PORTER: Well, the probe, of course, is on a broader subject, not just the subject of the detonators, which supposedly the IAEA believed could be used or was used for a covert nuclear weapons program, but on the broader subject of a number of activities that the IAEA has in published reports suggested were indicative of possible military dimensions, as they call it, of the Iranian nuclear program. And the present status of it is that Iran and the IAEA reached an agreement back in February that there would be a series of steps that Iran would take to cooperate with the IAEA’s investigation over the next few months and that once any of those issues were resolved through Iranian information and explanation to the satisfaction of the IAEA, the IAEA would then close the file on that issue.
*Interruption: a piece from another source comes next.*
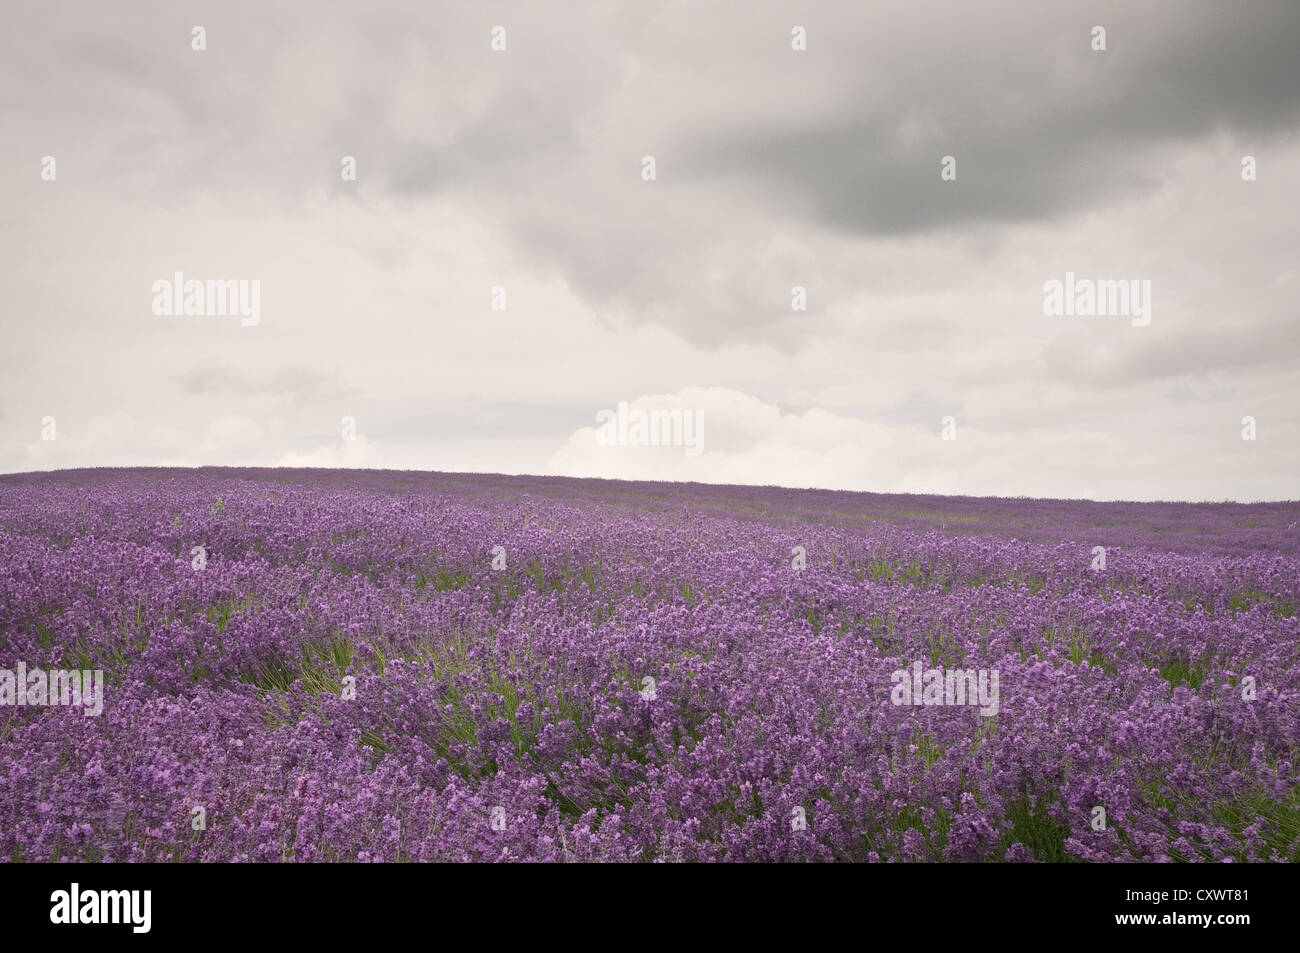 Field of purple flowers under cloudy sky - Stock Image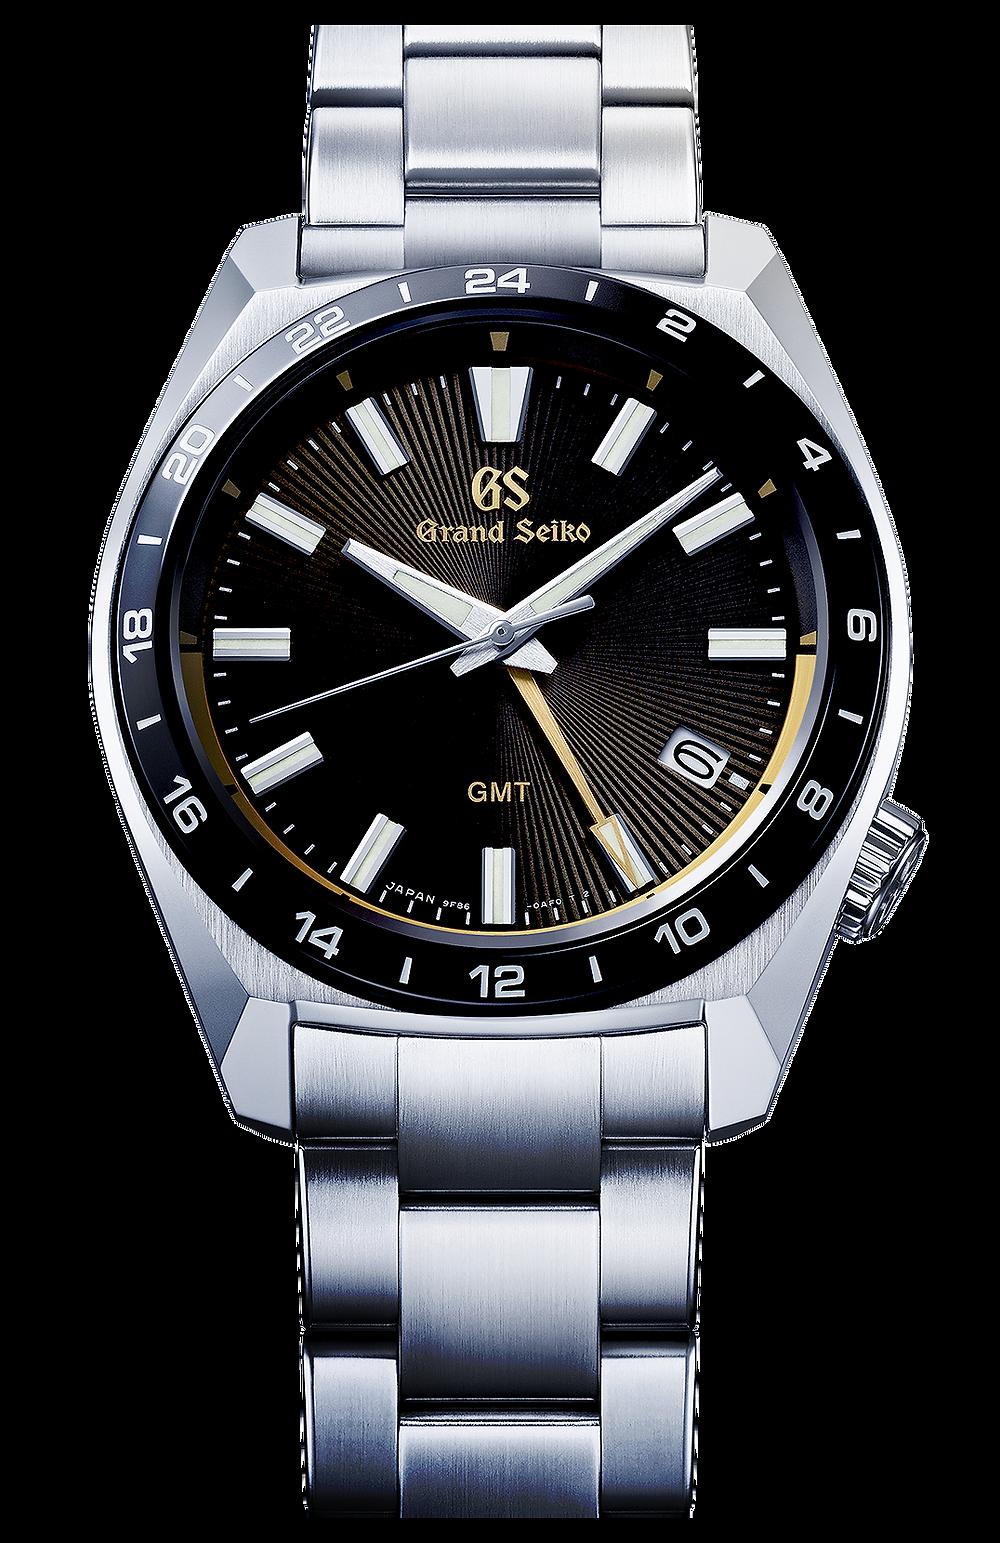 Novedad reloj alta gama Grand Seiko 140th SBGN023G

Now, what has happened instead of that–and I wrote about this last month–is that Iran did in fact provide information and documentation to the IAEA on this question of detonator development, a program of detonator development. The Iranians have always said that they had their own program to develop a detonator, a detonator program for non-nuclear applications. They’ve always made that clear. The IAEA has demanded that Iran prove, in effect, that it did in fact have non-nuclear applications. And apparently the Iranians provided documentation which pretty much did prove that. But what then happened or what didn’t happen was that the IAEA did not close the file and has simply said, well, we’ll let you know at some appropriate moment what we think of this. And that seems very clear to me to be a political response by the IAEA to keep the file open for political reasons, so that the Iranians are not given any favorable publicity suggesting that they’re cooperating freely and taking the pressure off politically, so that the United States can more effectively pressure Iran, as I’ve talked about just before in this interview.
WORONCZUK: Okay. And then, briefly, do you expect to see a deal by July 20?
PORTER: Very difficult to say. I mean, my guess at this point is that it’s not going to happen, in part because just four days ago, again a senior administration official, obviously someone involved directly in the talks because it was a briefing that was done in Vienna, again talked about the fact that Iran must make moves that would convince the United States that it is serious about not having aspirations for nuclear weapons. And the tenor of that was such that it certainly underlined the determination of the United States to push Iran on the number of centrifuges once more. And the intensity of that convinces me that we are in for probably a longer period of negotiations and that we’re not close, really, to an agreement at this point.
WORONCZUK: Okay. Gareth Porter, thank you so much for joining us.
PORTER: Thanks so much.
WORONCZUK: And thank you for joining us on The Real News Network.